The concept of liability predicated upon an alleged breach of warranty is well understood, and requires little in the way of background. Here, it is uncontroverted that Heil normally provided a six-month warranty on the “hopper” mechanism, but that the specifications promulgated by the City required that Heil's warranty on all parts manufactured by it be extended to one-year, plus an additional two years specifically on the hydraulic system that included the “hopper” mechanism. As is relevant, the vehicle in question was put into service on August 28, 2001 (Affidavit of Larry G. Stone dated December 1, 2009). Under the UCC, a cause of action for any claim based on an alleged breach of warranty, expressed or implied, is subject to a four-year statute of limitation measured from the tender of delivery

( seeUCC § 2–725 [1][2], Heller v. U.S. Suzuki Motor Corp., 64 N.Y.2d 407, 411, 488 N.Y.S.2d 132, 477 N.E.2d 434;Donuk v. Sears, Roebuck & Co., 52 A.D.3d 456, 859 N.Y.S.2d 701,lv denied12 N.Y.3d 706, 879 N.Y.S.2d 52, 906 N.E.2d 1086). Accordingly, any cause of action for breach of warranty, express or implied that plaintiff's may have had is now time-barred. In contrast, by operation of law any action sounding in negligence and/or strict products liability accrues on the date of injury and remains viable at this time.
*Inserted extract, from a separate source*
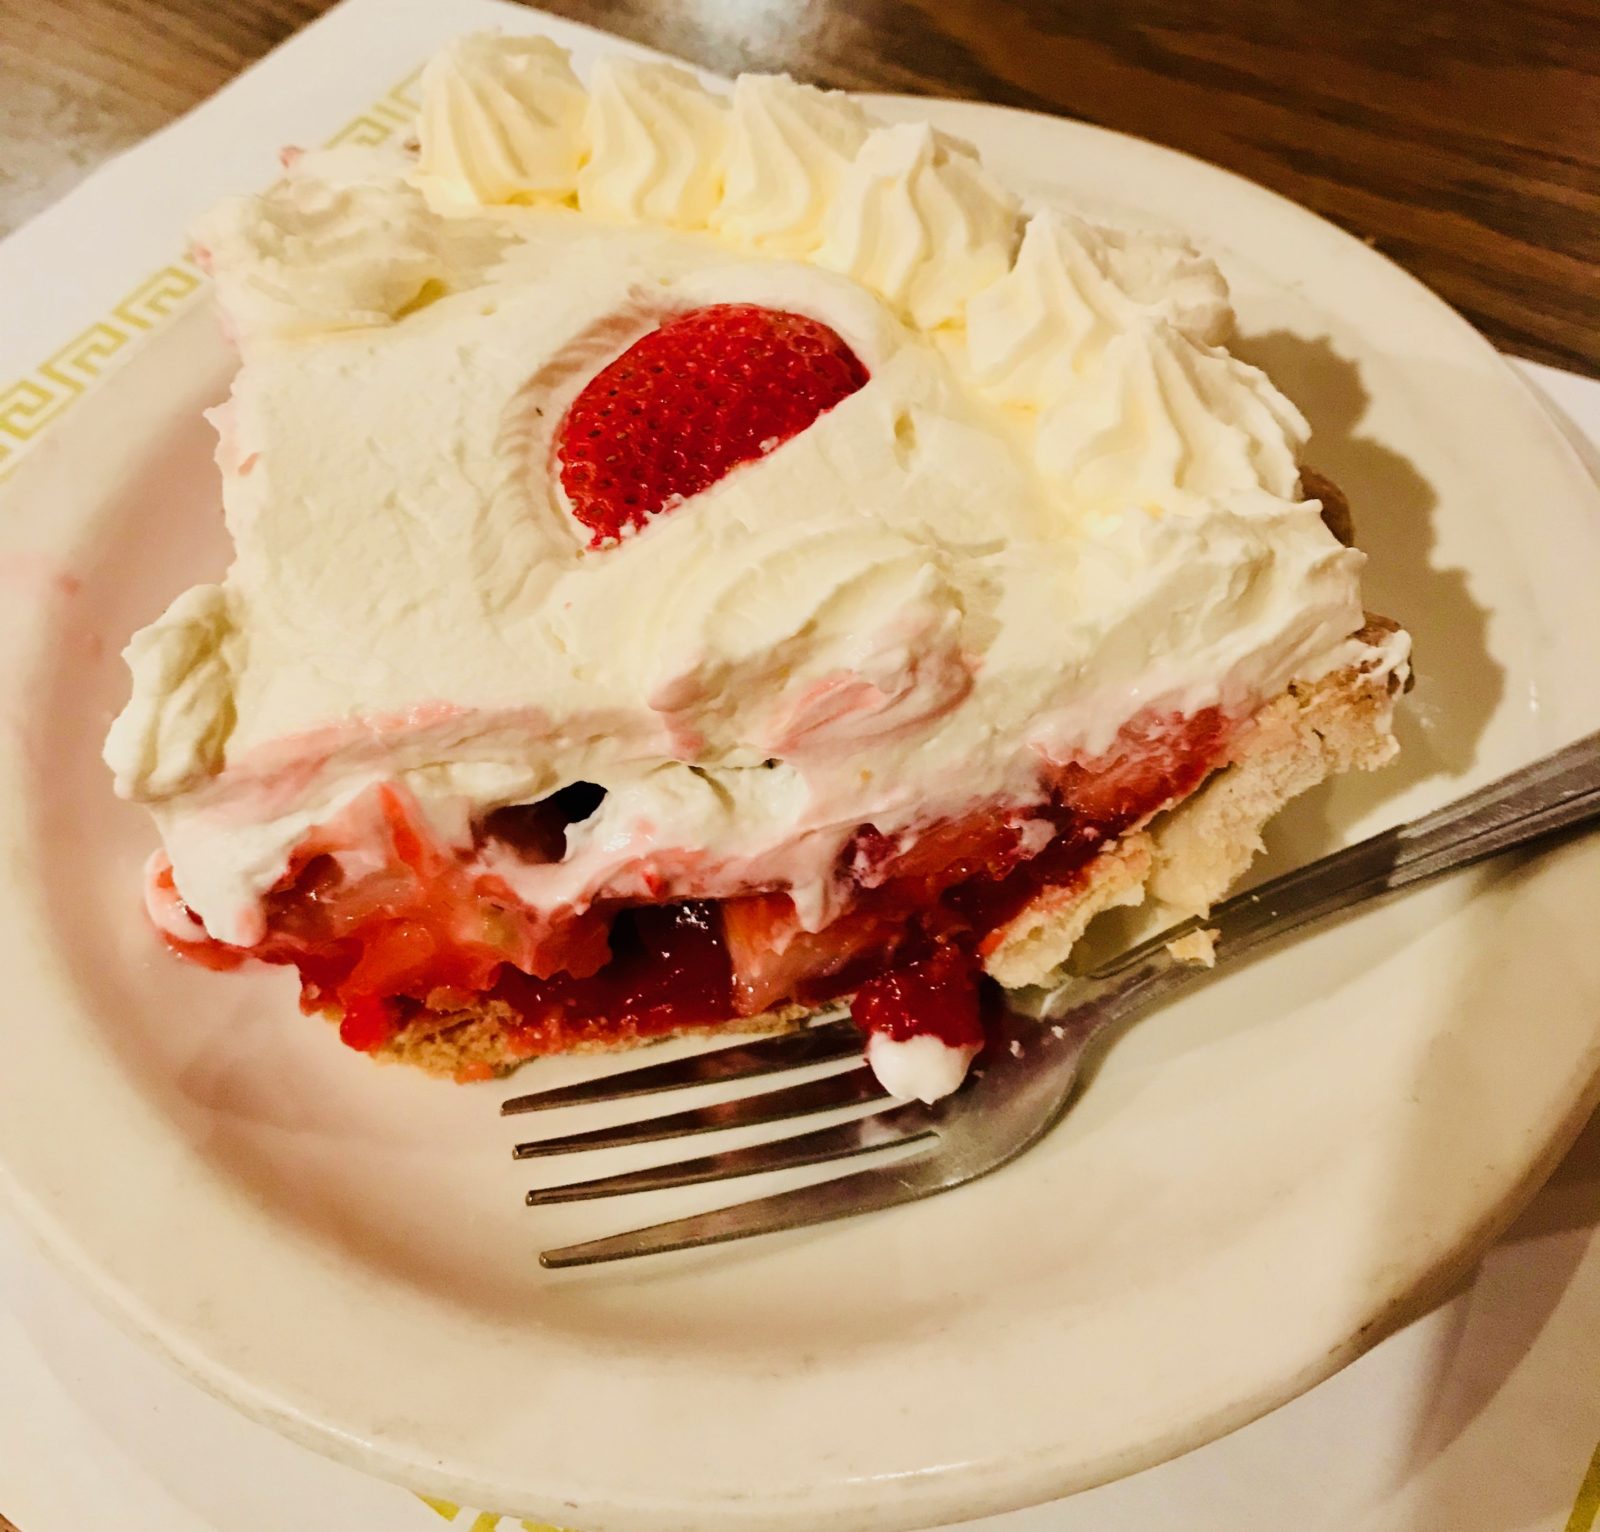 Pick of the Week - My Mother's Restaurant - Strawberry Cream Pie
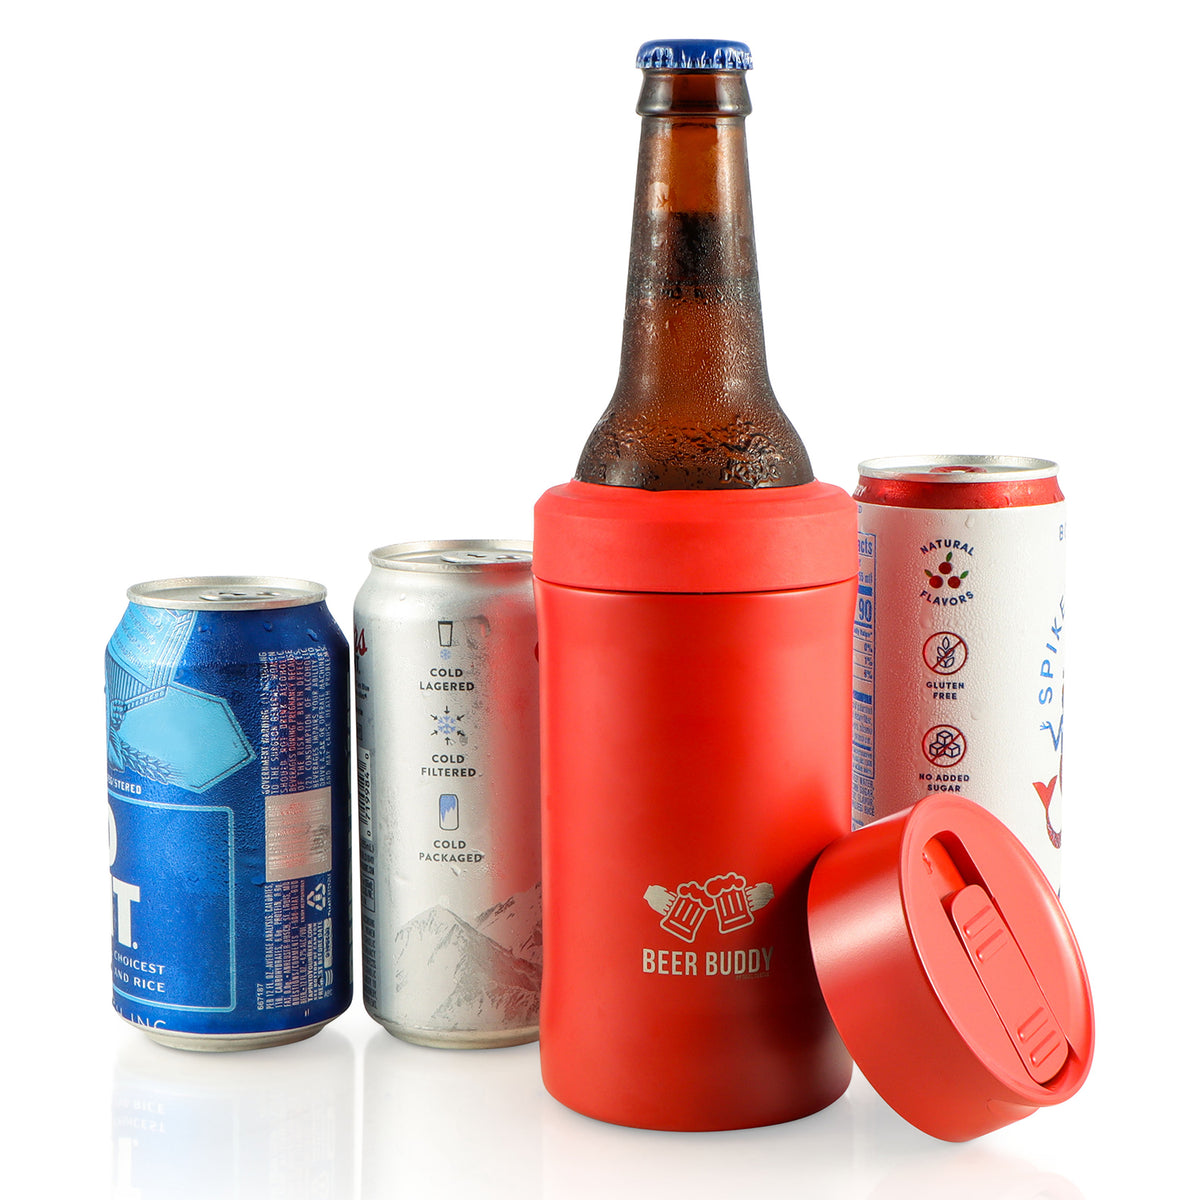 Beverage Buddy - Wacky Inventions, surf rod & beer holder m…

.UCC § 2–318 extends a sellers express and implied warranties beyond the vendee “to any natural person if it is reasonable to expect that such person may use ... or be affected by the goods and is injured in person by breach of the warranty.”

Breach of Contract

As opposed to a cause of action for breach of warranty under UCC § 2–318 ( see footnote 2), a cause of action for breach of contract is generally viable only as between the vendor and the vendee. Nevertheless, plaintiffs at bar have asserted in their twenty-second cause of action that plaintiff James Messner was a third-party beneficiary of the contract between the City and Mack/Heil. Accordingly, plaintiff has asserted breach of contract claims against each. However, the Court must note that there is nothing in the papers before it demonstrating that plaintiff was an end-user, or an intended thirdparty beneficiary of the underlying contracts nor do any of the relevant documents identify him as such. Moreover, none of the judicially recognized predicates for third-party liability apply ( see Espinal v. Melville Snow Contrs., Inc., 98 N.Y.2d 136, 746 N.Y.S.2d 120, 773 N.E.2d 485;O'Gorman v. Gold Shield Security & Investigation, Inc., 221 A.D.2d 325, 326, 633 N.Y.S.2d 517). Hence, plaintiff's cause of action for breach of contract must be dismissed.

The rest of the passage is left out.